In the early stages of developing the new SCM, we used a workaround involving stopping the SCM agent or locking updates on some hosts. This allowed us to test deployments on smaller subsets of the host group before applying the configuration to the full group. However, this approach has several obvious issues:
- Testing subsets of servers prevents them from receiving new configuration updates, affecting not just the part that is currently being tested.
- Testing subsets of servers stops checking the verification of the state of the configuration. For instance, the SCM agent verifies that the necessary services are running.
- These manual operations do not improve overall automation.
In accordance with the above, the following requirements for exclusive configuration have been established:
- The ability to create configurations per host or for a few hosts
- The ability to create specific configuration blocks that do not interfere with other modules
- The ability to control exclusive configurations remotely to meet CI/CD needs
Possible Ways to Implement This
When we started analyzing possible ways to implement exclusive configurations, we faced a key question: where should we store the configurations? Essentially, we had two options.
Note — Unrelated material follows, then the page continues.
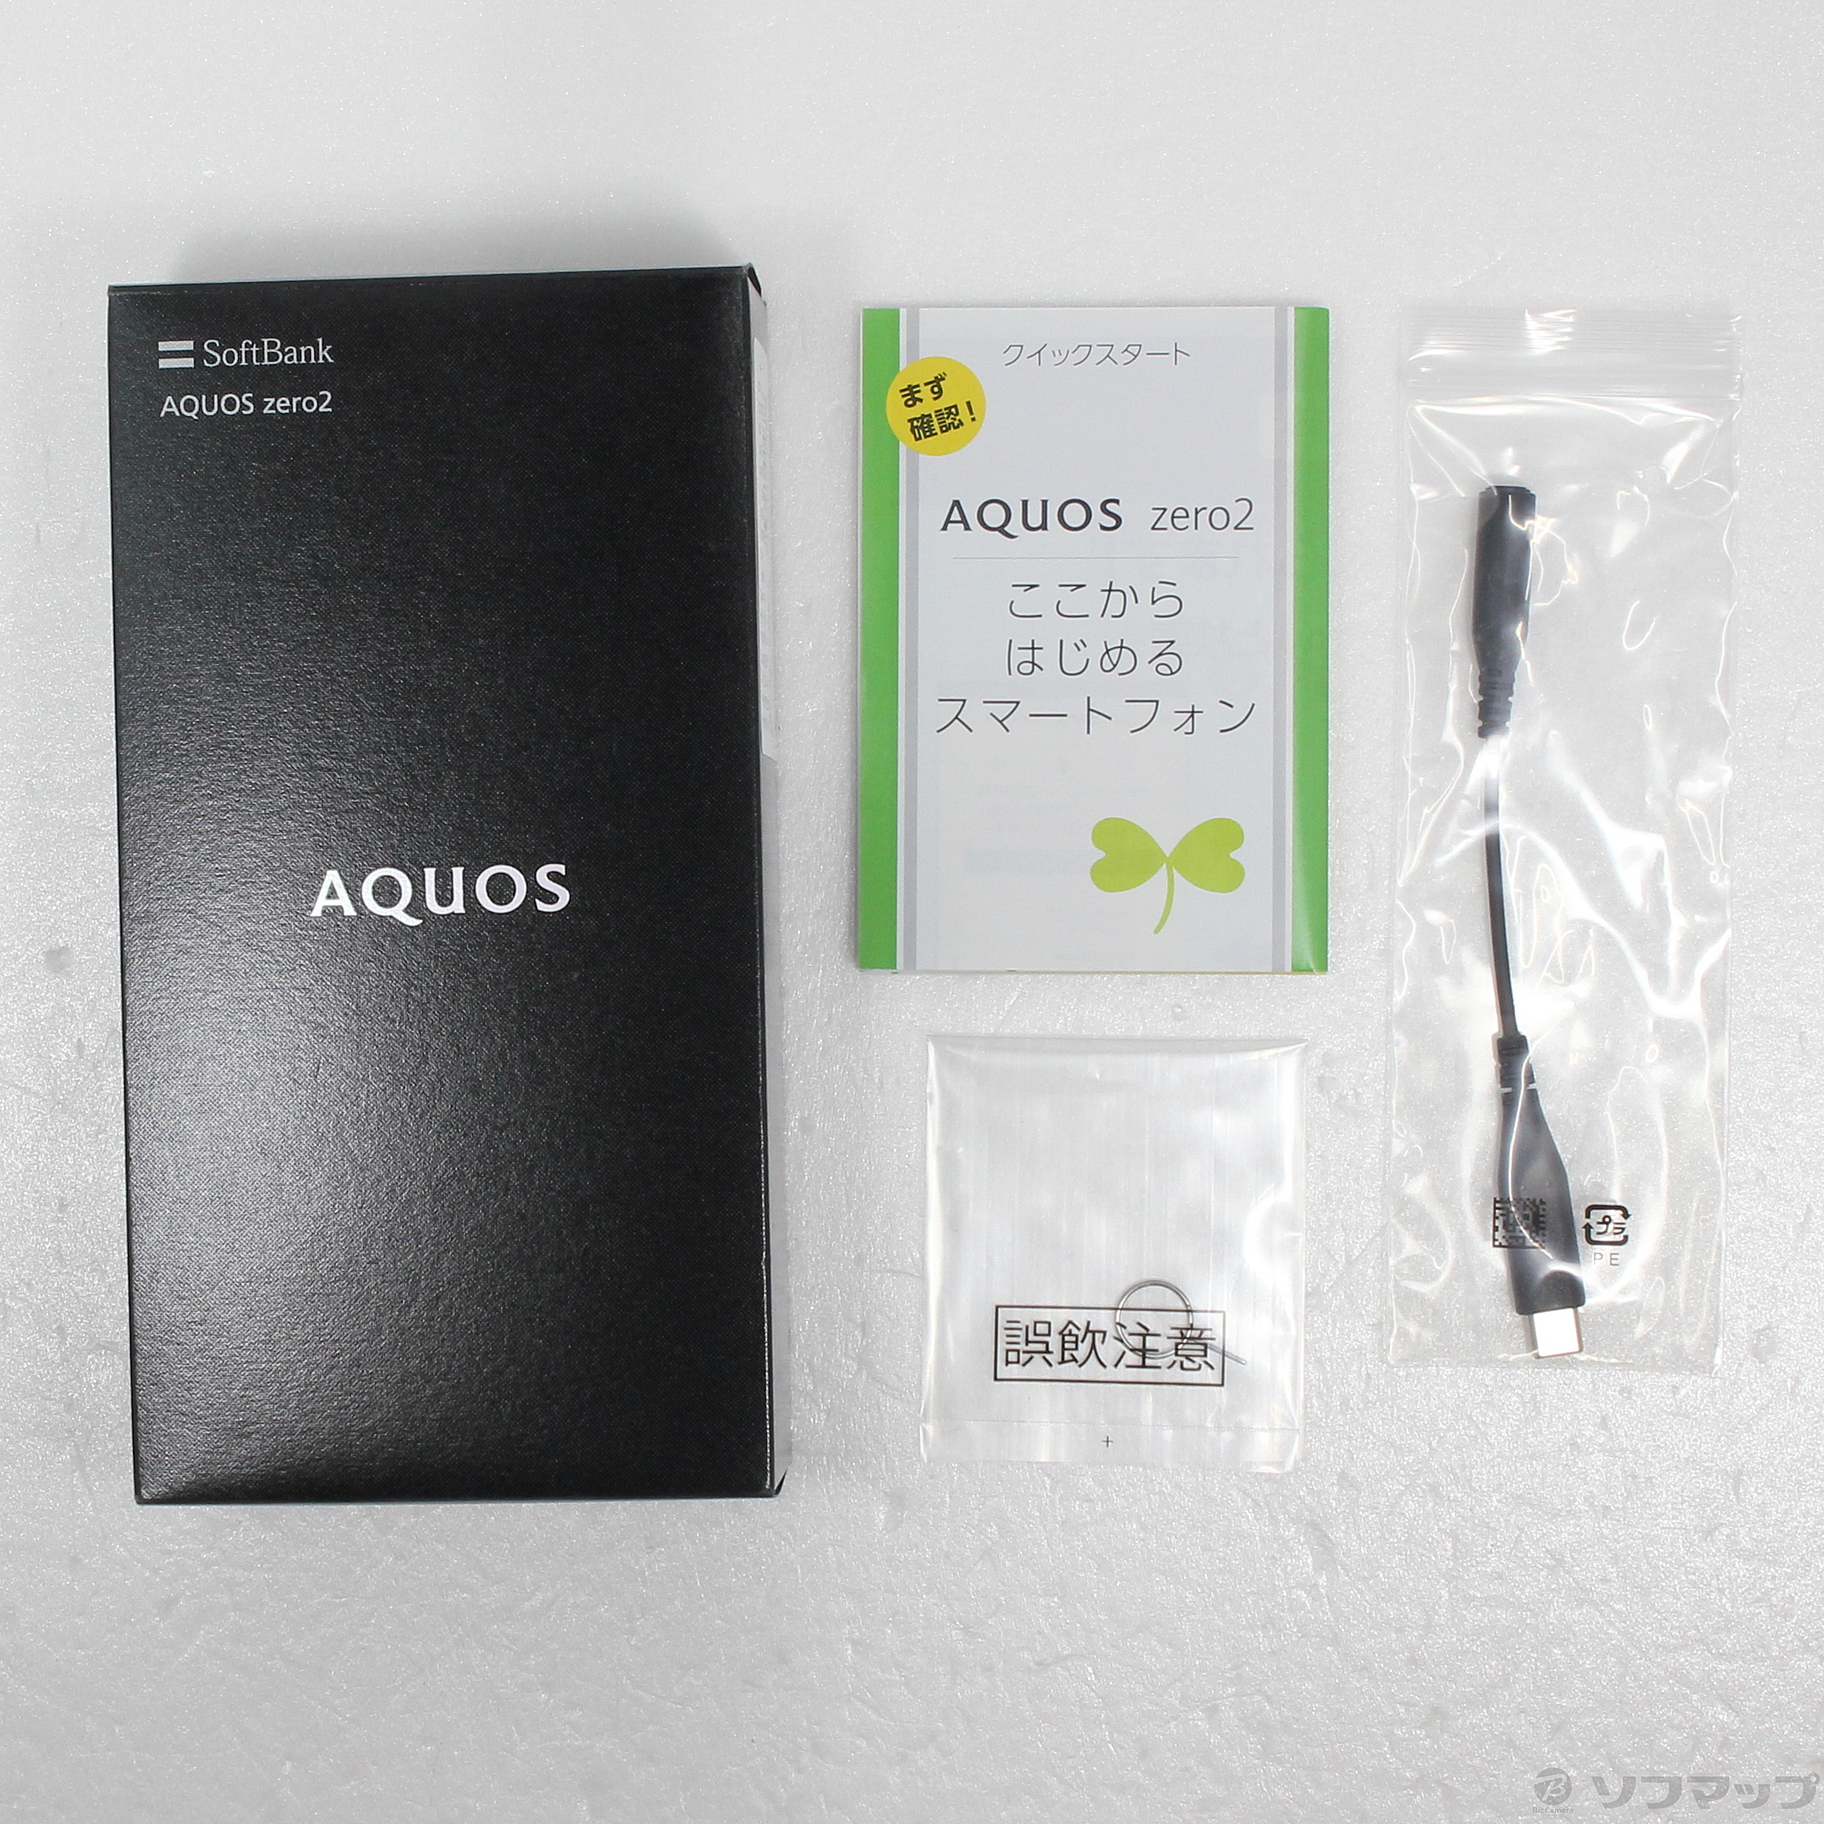 AQUOS zero2 アストロブラック 256 GB Softbank

Firstly, it can be stored as a simple file, similar to a hostgroup YAML file. This file should have a higher priority compared to the group configuration. However, this approach is not very useful because it does not address the third requirement. It cannot be used from CI without workarounds. Although we ultimately did not choose this option, it became feasible to use it indirectly later, after enabling templating for YAML files:
{{- if eq .IP "10.10.10.10" }}
configuration for this host only
{{- else }}
configuration for other hosts in hostgroup
{{- end }}
Secondly, we considered using an API router for exclusive configuration control. In this case, we can control configurations remotely with proper authorization. Since the API uses Consul to store data, the configuration received through the API can be saved in Consul by the SCM, which can then utilize these keys in the scheduler to build the complete host configuration. This solution satisfied all requirements.
In practice, implementing this was relatively straightforward — we added this logic at the CLI level of the deployment tool, which processes requests for individual hosts. The API saves this data in a dedicated path: exclusive/host/{ip}. The scheduler then connects to this path when merging configurations, allowing for different configurations for each host. The merged configuration of hosts takes precedence, and any previously declared configurations can be overwritten by these specific settings.
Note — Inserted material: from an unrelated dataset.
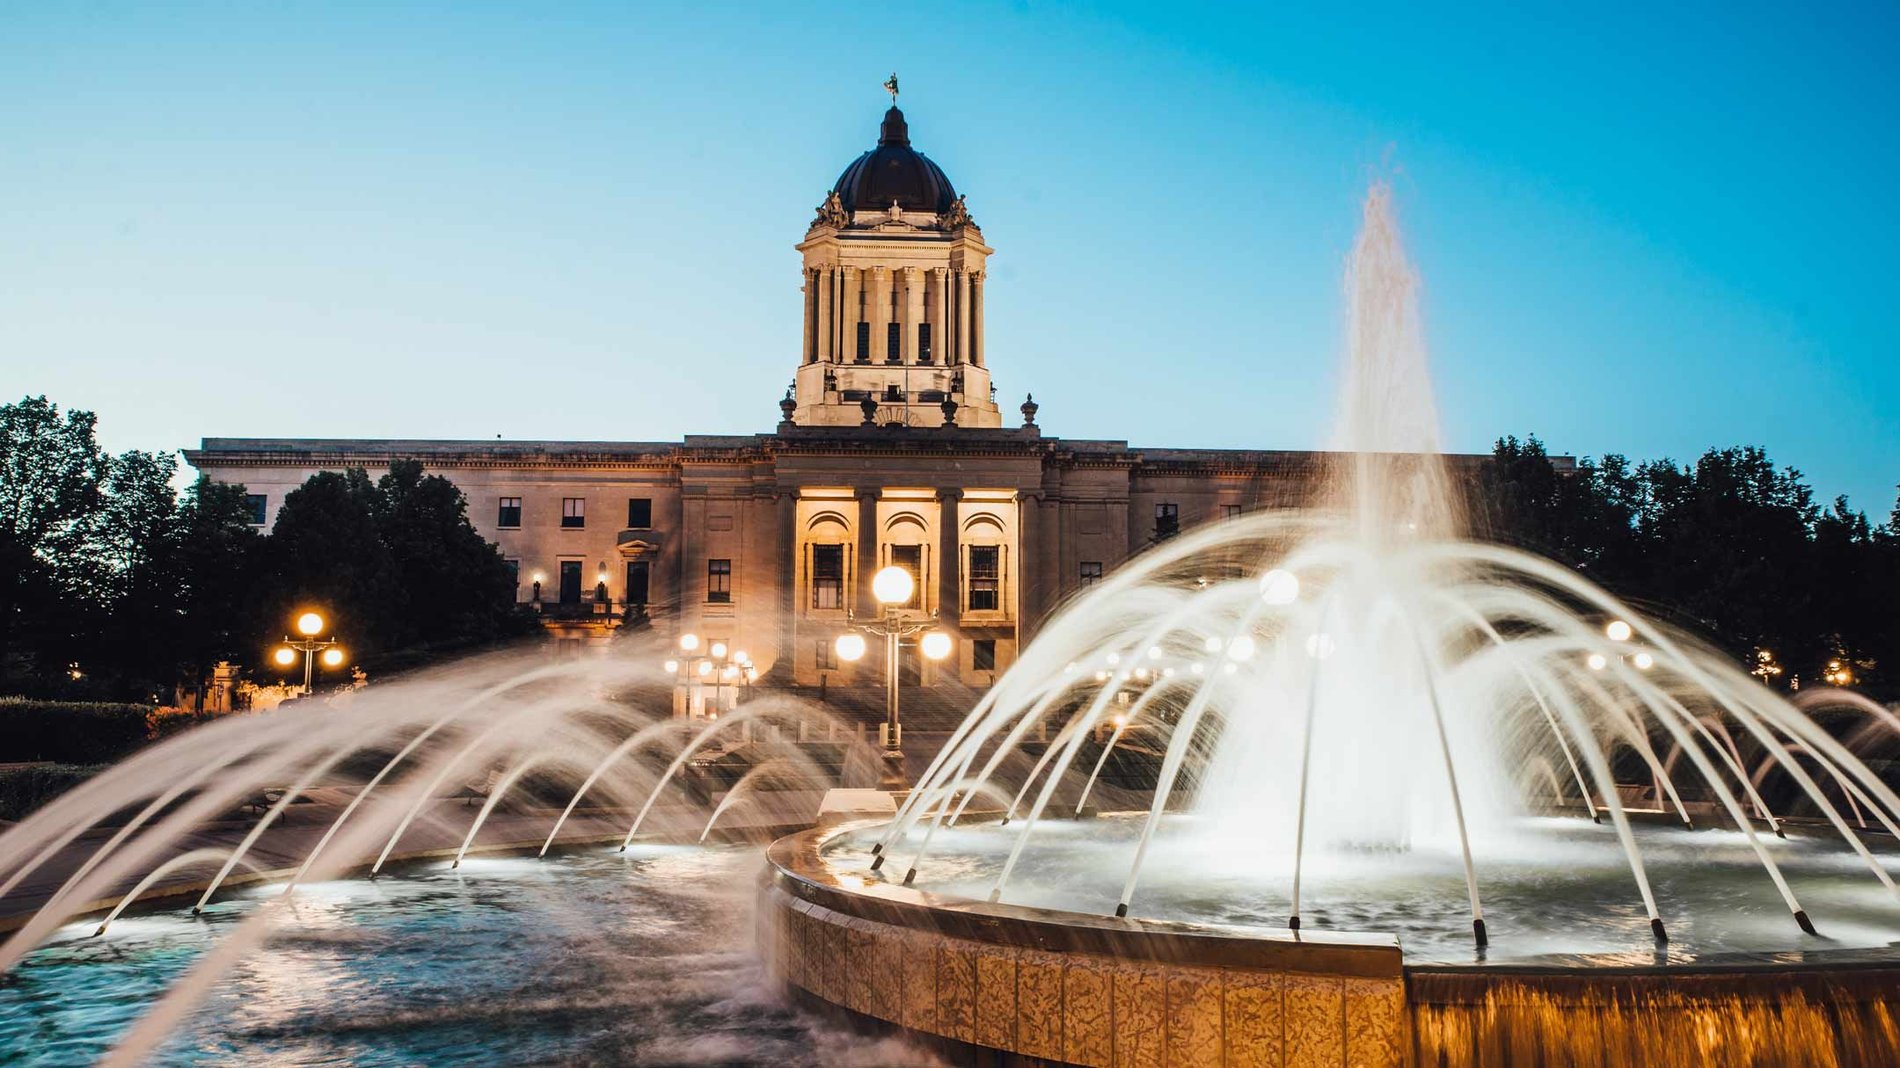 A fountain in front of the Manitoba Legislative Building in Winnipeg

We began using this configuration to implement rollout deployment logic similar to that of Kubernetes for non-Docker projects. All of the logic was integrated at the CLI level, where the tool recognizes the number of hosts in hostgroups, performs deployments across the specified number of hosts, and waits for them to run.
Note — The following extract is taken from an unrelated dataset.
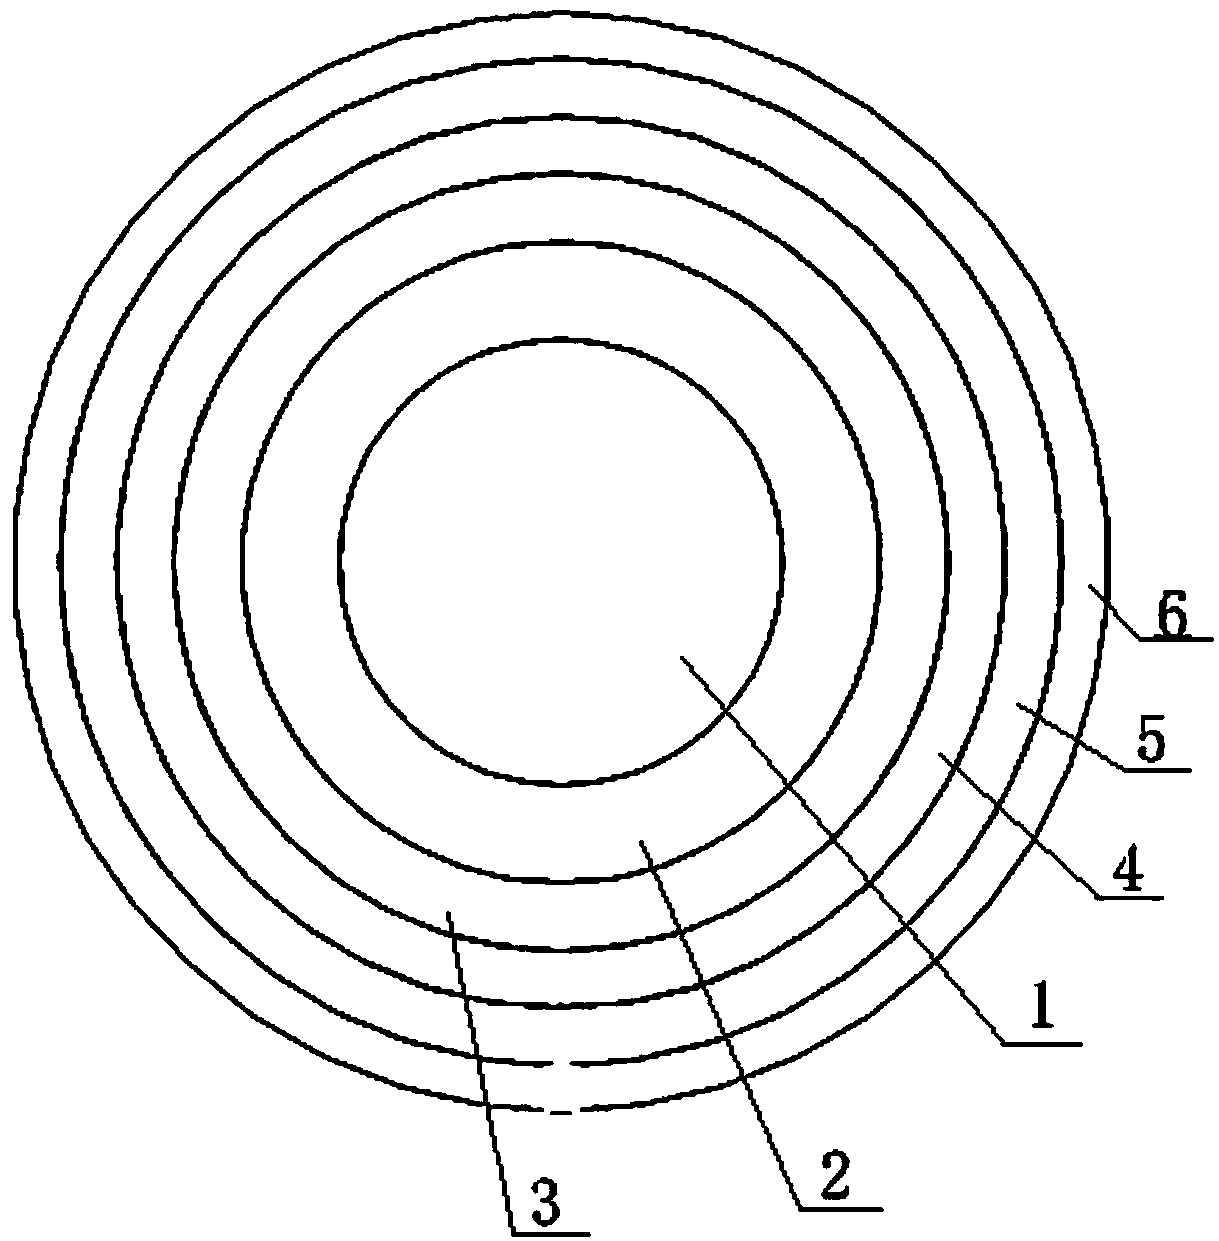 A flattened luneberg lens antenna

Implementation in the Code
A route api/v3/exclusive
has been added to the API that provides a CRUD interface. To add an exclusive configuration, send an HTTP POST request with the following structure:
type ExclusivePostData struct {
Section string `json:"section"`
Hosts []string `json:"hosts"`
Ttl int `json:"ttl"`
Data string `json:"data"`
Immediately bool `json:"immediately"`
}
Where: section
is the context name for the resulting JSON sent to the selected hosts. data
is the JSON containing the configuration data. hosts
are the selected hosts. ttl
is the total time to store this key in Consul. immediately
specifies whether to deploy immediately using the push approach.
Once the API router has received all the necessary data, it saves the key in Consul:
consul:~$ consul kv get -recurse exclusive/10.9.2.116/
exclusive/10.9.2.116/packages:{"iftop":{}}
As mentioned earlier, we needed to update the configuration generator. We added another merge to enrich this per-host configuration:
// merge configuration tree with consul exclusive data
err = mergo.Map(&DefaultConf, ConsulExclusive, mergo.WithOverride, mergo.WithAppendSlice)
if err != nil {
logger.GenConfLog.Println("mergo Map failed with DefaultConf and ConsulExclusive")
return map[string]interface{}{}, err
}
The mergo.WithAppendSlice
flag is particularly useful in this case, as it allows us to add information to a slice instead of replacing it.
Two methods, GET and DELETE, have been implemented for creating and deleting exclusive configurations.
How to Use This in Practice
The exclusive
command has been added to the CLI tool, enabling it to operate with the exclusive API route on the SCM API.
~$ cli exclusive --help
NAME:
cli exclusive - Get/push/delete exclusive configuration for host(s)
USAGE:
cli exclusive command [command options] [arguments...]
COMMANDS:
push push exclusive configuration for host(s)
get get current exclusive configuration for host(s)
delete delete exclusive configuration for host(s)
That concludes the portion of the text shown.